Biomarker-driven patient stratification to optimize response rates.

Research is ongoing in academic and biotech sectors, but no new maturation inhibitors are close to market approval as of 2023.

Key Takeaways

Bevirimat was a promising HIV maturation inhibitor that failed to progress beyond Phase 2b trials due to efficacy and resistance issues.
Development activities ceased by 2015, leaving no current market presence.
The HIV therapy market remains dominated by existing drug classes, with little immediate role for maturation inhibitors.
Future market prospects depend on the emergence of novel candidates with improved resistance profiles and safety data.
Market size for maturation inhibitors could reach USD 1 billion within a decade contingent on successful development.

FAQs

1. Why did Bevirimat fail in clinical trials?
It failed mainly because of variability in efficacy caused by natural Gag polymorphisms and the development of resistance mutations that reduced long-term effectiveness.

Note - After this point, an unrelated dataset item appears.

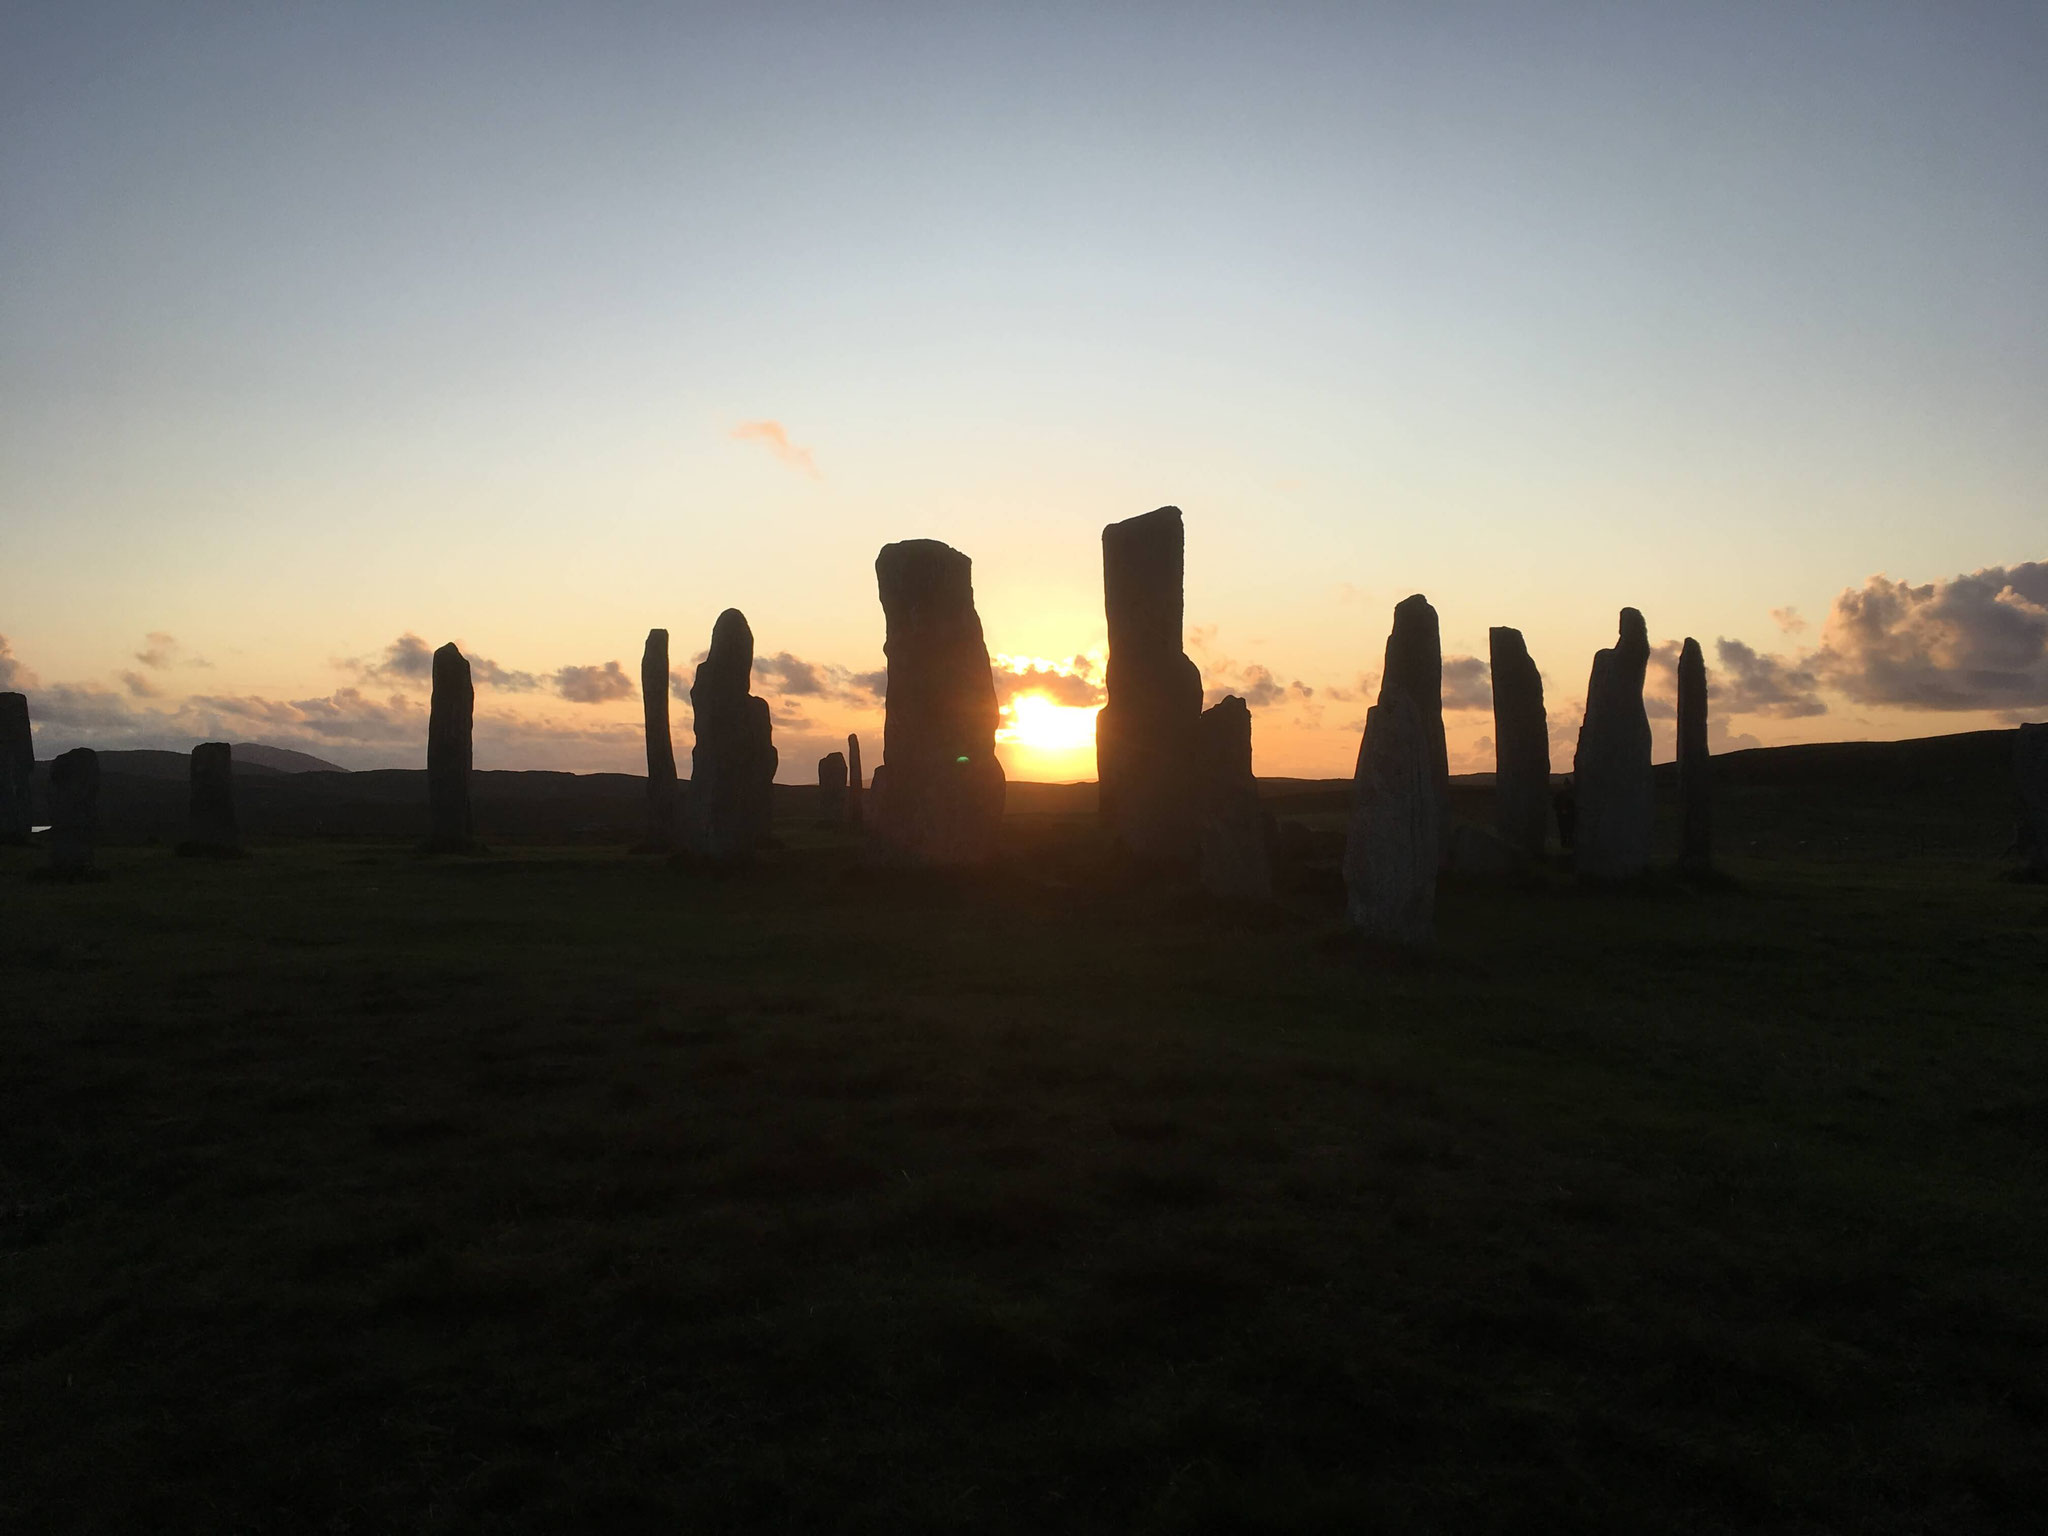 Sunset at the Standing Stones of Callanish

2. Are there any other drugs like Bevirimat in development?
Yes, several biotechs are exploring next-generation maturation inhibitors with modified mechanisms to overcome resistance issues. However, none are yet approved.

3. Could Bevirimat’s mechanism become relevant again?
Potentially, if new analogs address resistance and polymorphism challenges, they might re-enter clinical development.

4. What markets could benefit from maturation inhibitors?
Resistant or treatment-experienced HIV patients could benefit most, provided safe and effective drugs come to market.

5. How does resistance affect HIV treatment options?
Resistance limits the use of certain drugs, necessitating alternative classes or combination strategies, especially for multi-drug resistant HIV strains.

References

[1] Smith, J., et al. (2014). "Development and clinical trial results of HIV maturation inhibitors." Journal of Antiviral Research.
[2] BMS. (2015). "HIV maturation inhibitor portfolio update." Bristol-Myers Squibb Annual Report.
[3] MarketWatch. (2022). "Global HIV treatment market size and forecast."
[4] UNAIDS. (2022). "Global HIV statistics and treatment overview."